A part ça, on sent qu'on est arrivés en bolivie: les Aymaras qui tiennent le refuge comprennent à peine l'espagnol, la vue de la cuisine nous passe l'envie de consommer la nourriture locale, et on expérimente le froid permanent qui règne ici (on est d'ailleurs pas mécontents de nos duvets!). Coup de chapeau quand même à ces personnes qui vivent ici, l'isolement et le rude climat doivent mettre les organismes à rude épreuve...
Vendredi matin, lever à 3h30, départ de la marche à 5h, à 4500m. On a mis tous nos habits pour affronter le froid de l'aube, et rien n'est superflu. On bénit le type qui nous a passé les chaufferettes, on a seulement "un peu" froid aux orteils. Un couple d'anglais, Tom et Charlotte, se sont joints à nous pour l'ascension, mais Charlotte lâche prise vers 4900m, et reste avec un second guide. On continue à monter, lentement mais sûrement, et on se dit que c'était une bonne idée de passer un peu de temps en altitude!
Vers 5200m, Olga a un gros coup de pompe, et doit s'arrêter tous les 20m pour reprendre son souffle. Envie de dormir, mal à la tête, les symptômes classiques de l'altitude.
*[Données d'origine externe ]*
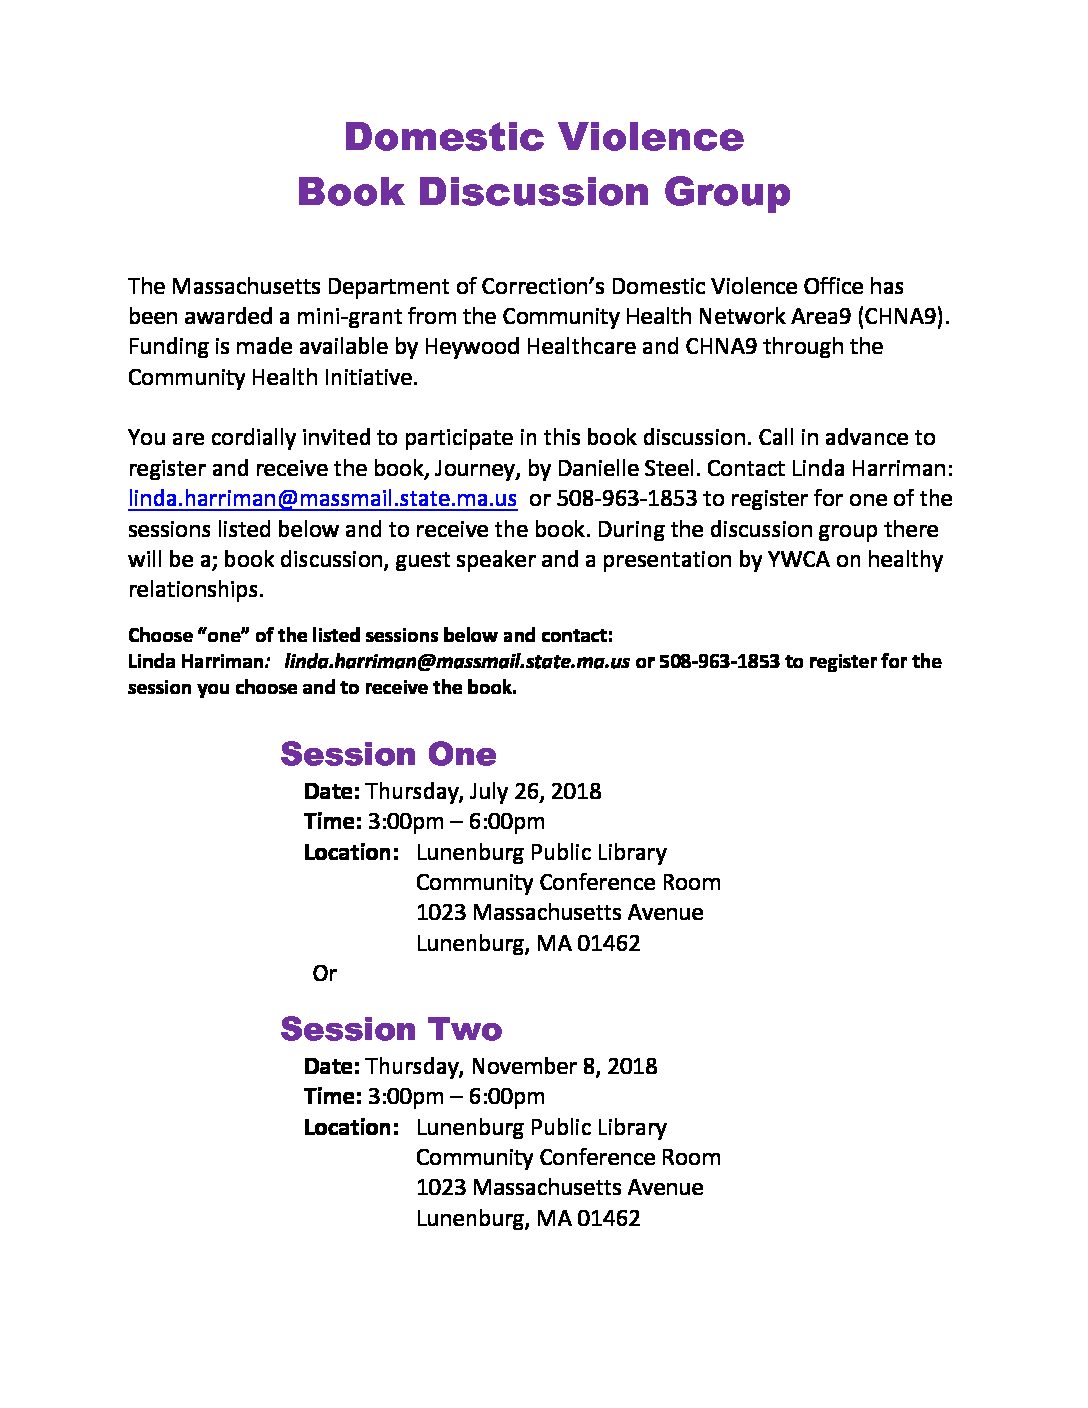 Domestic Violence Book Discussion Group Session Two
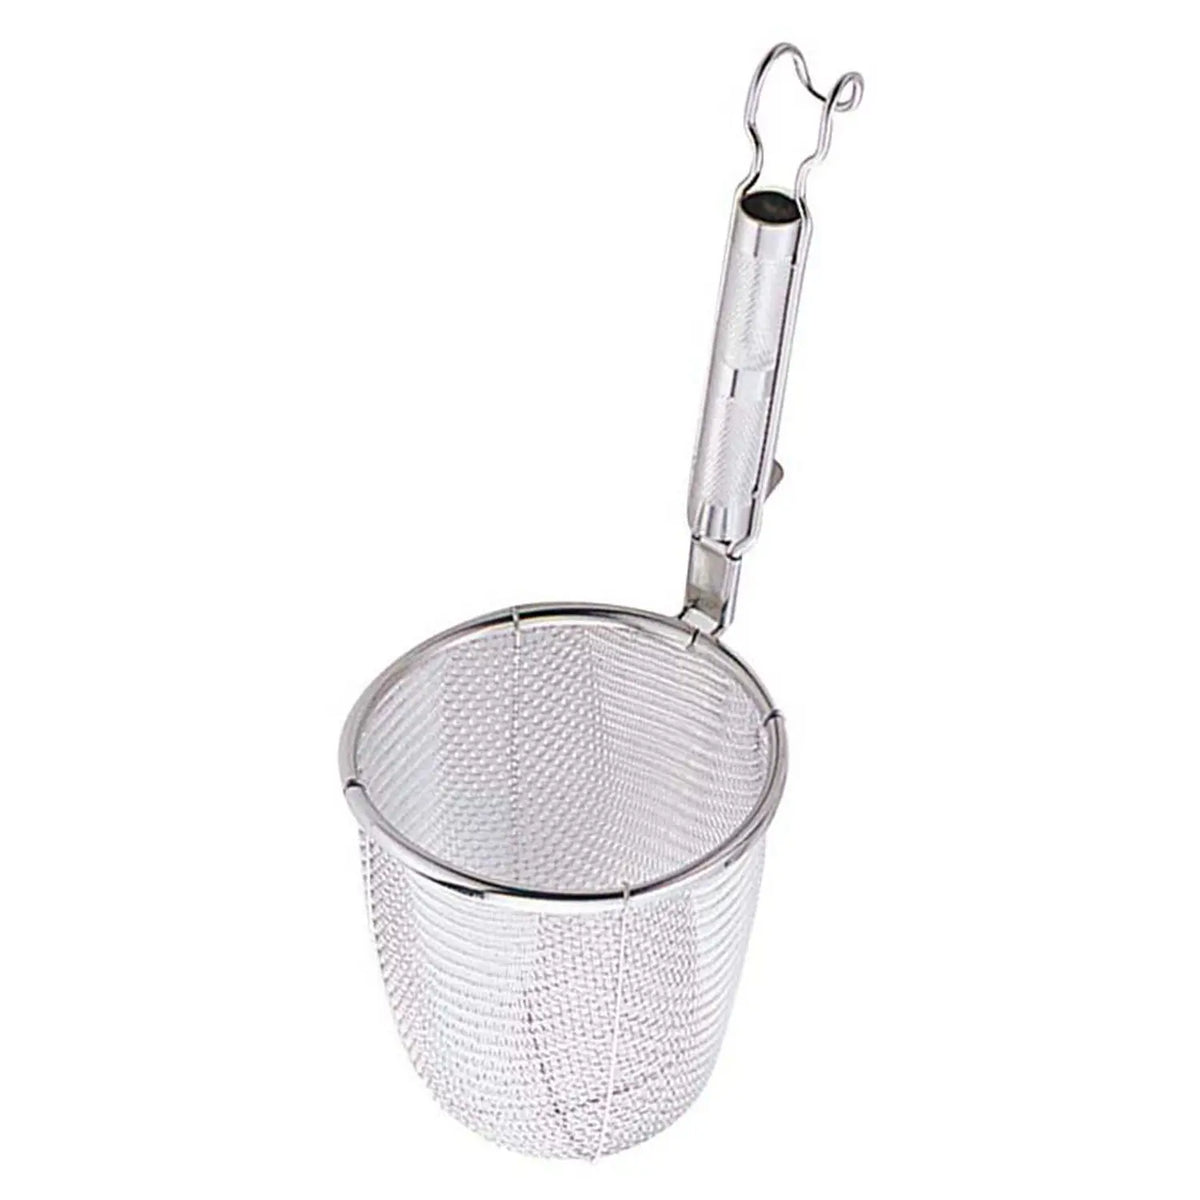 Three Snow Stainless Steel Tebo Noodle Strainer Round Base with Metal Handle

Quelques feuilles de coca et elle s'accroche, elle a trop envie d'arriver en haut!
L'aube est magnifique, la Laguna Verde s'éclaire et dégèle lentement et les volcans de l'altiplano se découpent sur l'horizon. On continue doucement parmis les éboulis et les gros blocs, Quentin n'a pas trop de mal pour le moment et pousse Olga à continuer.
Mais plus on monte, plus c'est dur, plus c'est lent, plus il fait froid, et il faut une bonne dose de motivation pour atteindre la cumbre, après un interminable dernier passage dans des marches volcaniques bien raides...
Grosse émotion au sommet, la vue est splendide, et le froid est supportable. Le petit lac est bien là, entièrement gelé, et Macario fait une offrande feuilles de coca. On aura mis 6h30 pour monter, bien dans les normes en fin de compte même si on avait l'impression de ne plus avancer sur la fin...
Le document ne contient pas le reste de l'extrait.